Вы здесь

Люди по эту сторону. Первая книга дилогии. То, что мигает по ночам (Р. Д. Джонс)

То, что мигает по ночам

Я как раз закончила главу и собиралась размяться и перекусить, когда оконная сетка приоткрылась – и на подоконнике возникла пузатая керамическая бутылочка с высокой жёлтой пробкой. После чего сетка так же аккуратно встала на место.


Не в первый раз. И я, конечно, могла распахнуть окно и зашвырнуть взятку в кусты. Теоретически – могла. Практически это было выше моих сил, потому что в бутылочке содержался ликёр из, судя по цвету пробки, мёда и манго. Скорее, я убью того, кто попытается лишить меня такого…

Кроме того, Фуфыр никогда не предлагал чего-то невозможного или неприятного. А у меня оставалось достаточно времени на выполнение заказа. Ещё успею.

Положив закладку в оригинал, я убрала его на верхнюю полку вместе с недописанной копией и писчими принадлежностями. Туда же поставила бутылочку – так, чтобы книги её закрывали. И вышла из дома.


Фуфыр сидел на корточках возле ослиного сарая. Как обычно, в волосах у него застряли опилки, на щеке виднелась свежая ссадина. А юбка была до того прохудившаяся, что лучше б он её вовсе не носил!

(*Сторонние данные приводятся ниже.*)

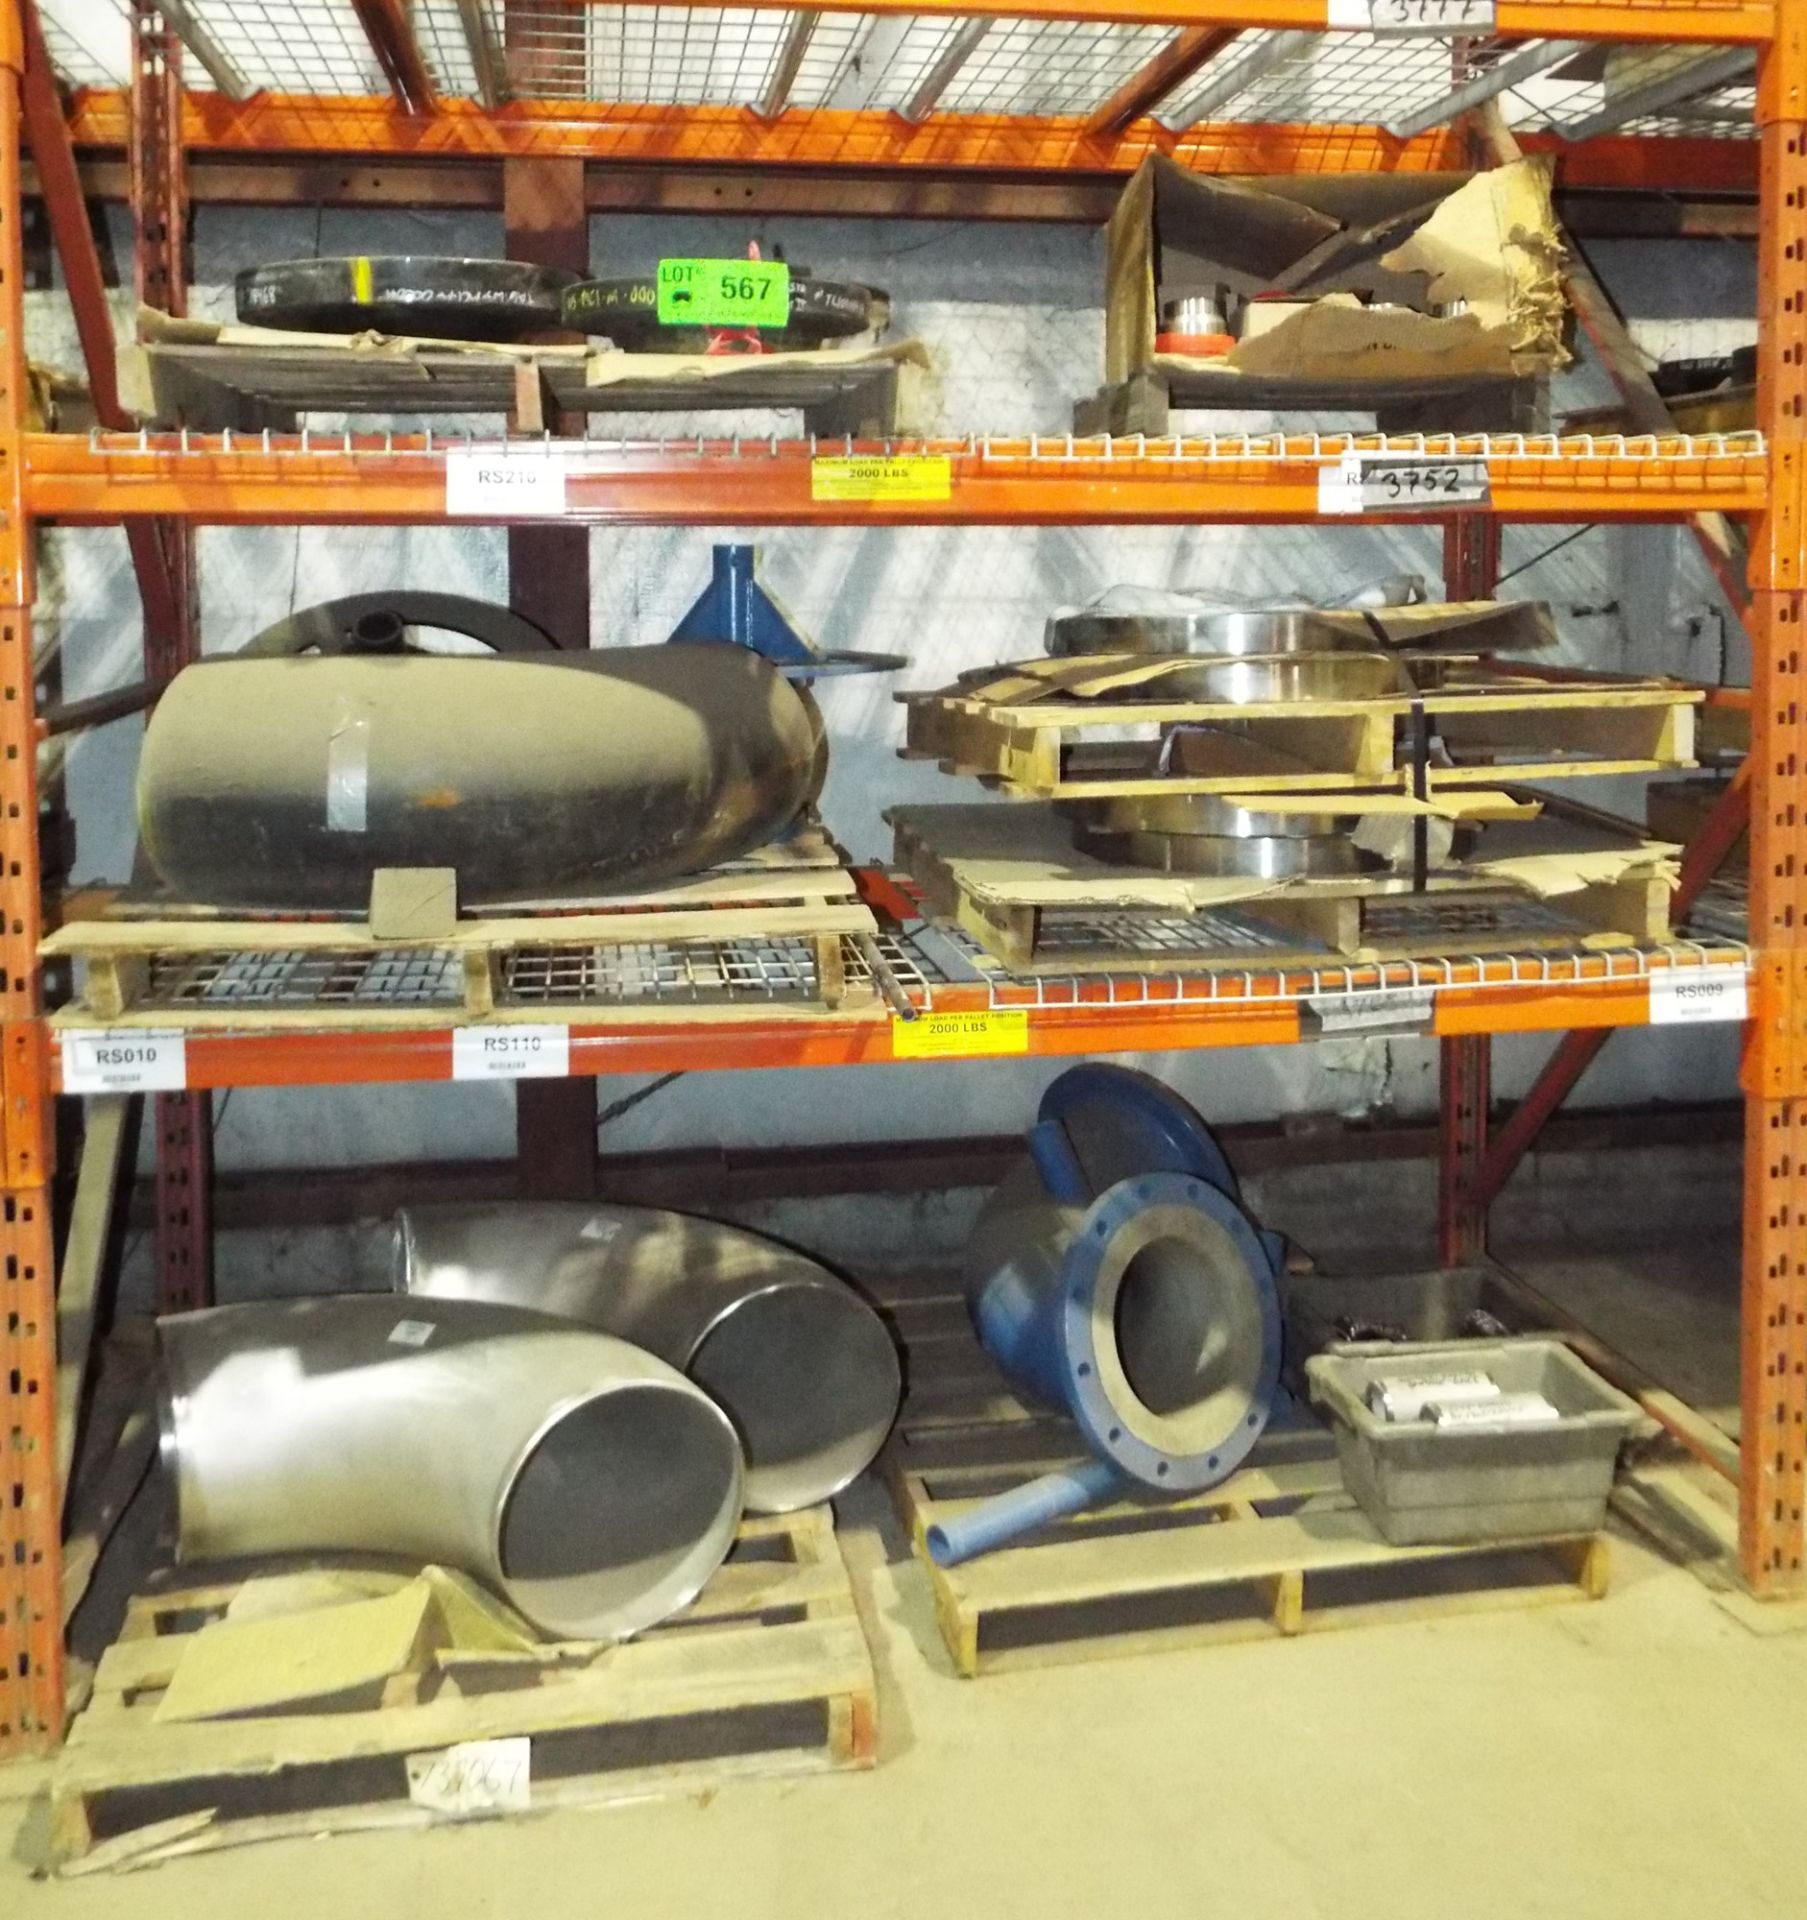 LOT/ CONTENTS OF RACK INCLUDING PIPES AND PIPE FITTING HARDWARE

Рядом стояла незнакомая женщина, крепко сбитая, роста выше среднего. Судя по грубоватым сандалиям и длиной накидке, странница. По другим приметам – торговка: на поясе у неё не было ни аптечки, ни дымной краски с кресалом. Лишь блокнот из листьев вагги да карандаш. Непривычно «пустая» – как будто жила неподалёку, но сандалии намекали на долгую дорогу. Значит, из Торговой Семьи – они хранят всё нужное на тележке.

Женщина рассматривала двор и почему-то хмурилась.


Увидев меня, Фуфыр вскочил на ноги и тотчас приступил к любезностям:

– Доброе утро, Унаринь! Как ты хороша! Сияешь как солнышко! Это Маха из Торговой Семьи. Это наша Унаринь – ученица мастера Юльбао и переписчица его книги, – представил он нас.

Мы обменялись сдержанными кивками.

– Маха хотела осмотреть нашу достопримечательность, – сообщил как бы между прочим Фуфыр. – Ты же её проводишь?


У меня едва не вырвалось: «А что, больше некому?»

Ясно, что некому. Похоже, все заняты. А мне… мне не трудно, конечно. Иначе пришлось бы возвращать ликёр!

– Сейчас накину что-нибудь, – и я нырнула обратно в дом.


С голыми сиськами пешкодралом долго не протянешь! Перевязав груди, я сложила в сумку оставшуюся с ужина снедь и наполнила фляжку водой. Подумав, надела сандалии – идти было долго. Напоследок утянула с полки связку сушек с кунжутом – перекусить на ходу.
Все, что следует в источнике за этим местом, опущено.